After the Treasurer's dream budget and Labor's muddle-headed response we have the depressing prospect of a prolonged battle over tax cuts as a low-rent substitute for genuine economic debate.

Yes, the economy is going well; yes there is a healthy surplus, and both Liberal and the former Labor governments can take some credit; and, yes, we will all take a tax cut if it is on offer.

But there's something missing in this budget; and it's something that has been missing from our political debate for some time - an economic plan.

A plan to deal with a health system fraying at the edges, that can not deal with the demands at present, let alone the rising pressures of an aging population.

A plan for more money for schools so that all young Australians have a chance in life and alleviate the skills crisis.

And a plan for the great national building projects that would give our economy the ability to break the tyranny of distance; a plan to support the manufacturing industries that would allow us to be more than an extractive economy.

There's no plan in this budget; just a fistful of dollars - targeted at middle and high income earners over the battlers; and the promise of industrial relations reforms that will make their wages and conditions all the more tenuous in the months to come.

To his credit, Kim Beazley made some of these points in his budget reply - but it all got drowned out when he was coaxed into Costello's tax cut corner.

A regular finding of our polling of working people is that money isn't everything - if they had the choice of better conditions, more interesting work, greater respect over a pay rise, they'd take the intangibles.

But - and here is the sting in the tail that Howard and Costello are tapping into - absent any faith that these things will be forthcoming, they'll take the dollars.

By destroying faith in the political system, the Howard Government has succeeded in making personal recompense the only test of government.

It has been the Howard approach for the past nine years - deliver personal dollars to targeted groups, rather than supporting broader initiatives that deliver more, though less tangibly, for all.

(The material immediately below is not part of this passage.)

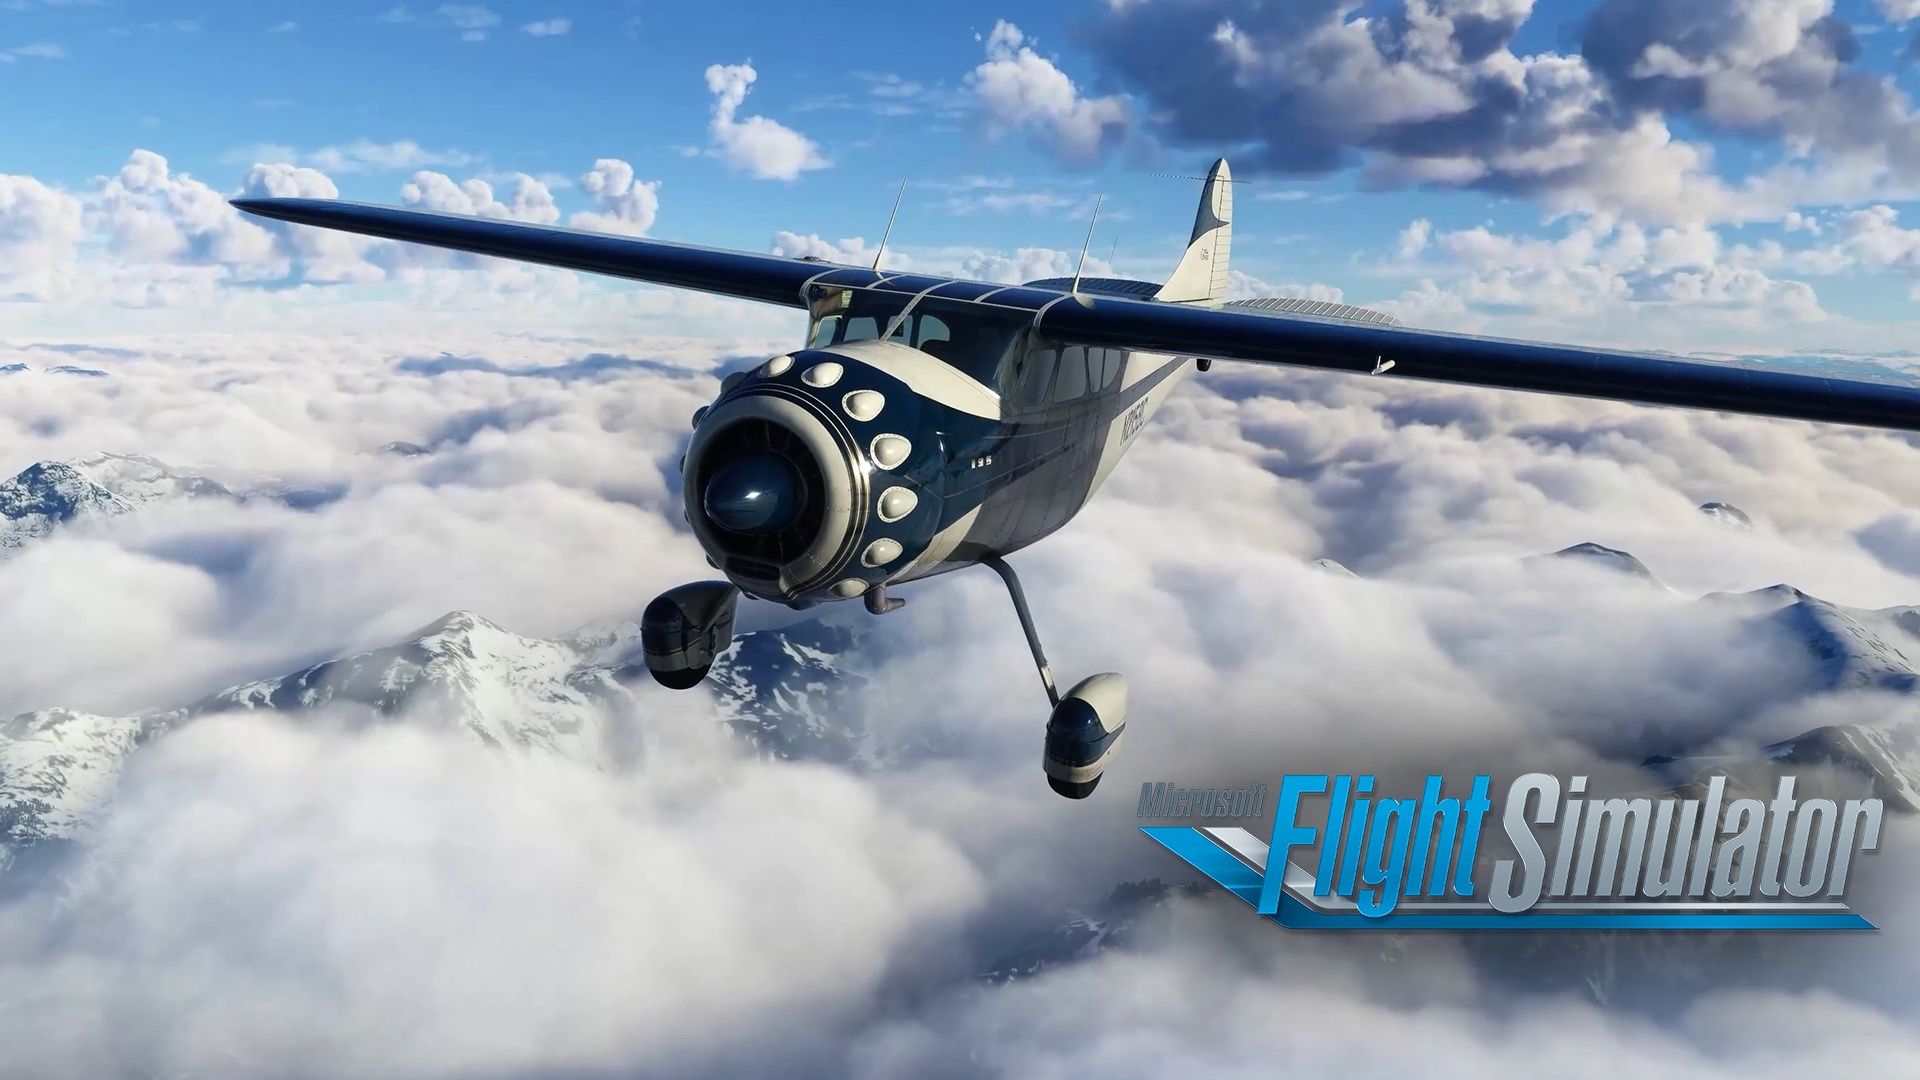 Flight Simulator e Ace Attorney são destaques nos lançamentos da semana

It is depressing, it is draining of the spirit and it represents a fundamental challenge to progressive parties, whose whole agenda relies on a public striving for better.

But we have to accept this is where we are at right now and the question is where can Labor take it from here?

Kim Beazley is right to expose the tax cuts as being skewed to the haves over the have-nots, but he is wrong to make it his battleground.

The debate around economics should not be about who can manage the economy - any half competent government can do that.

It should be about who the economy is delivering for - and this entails more than just reeling off the indicators, saying the word 'economy' three times a day and expecting that this will position you as the better manager.

In this frame it is Howard who gets wedged - because he is managing the economy for the top end of town - look at the growing gap between wage and profit share; look at the largesse the managers extract from the system; look at the looming attacks on rights of working people.

There is a story to be written by the ALP, but it requires the courage to move off the government's playing field - let the tax cuts through, but explain why they are a short-term fix and a squandering of the hard yards of economic reform.

And start doing it now; because when John Howard controls the Senate it will only be the skill of the Opposition's politics that will have any impact on the shape of policy over the next three years. If the past week is anything to go by, we should be very, very afraid.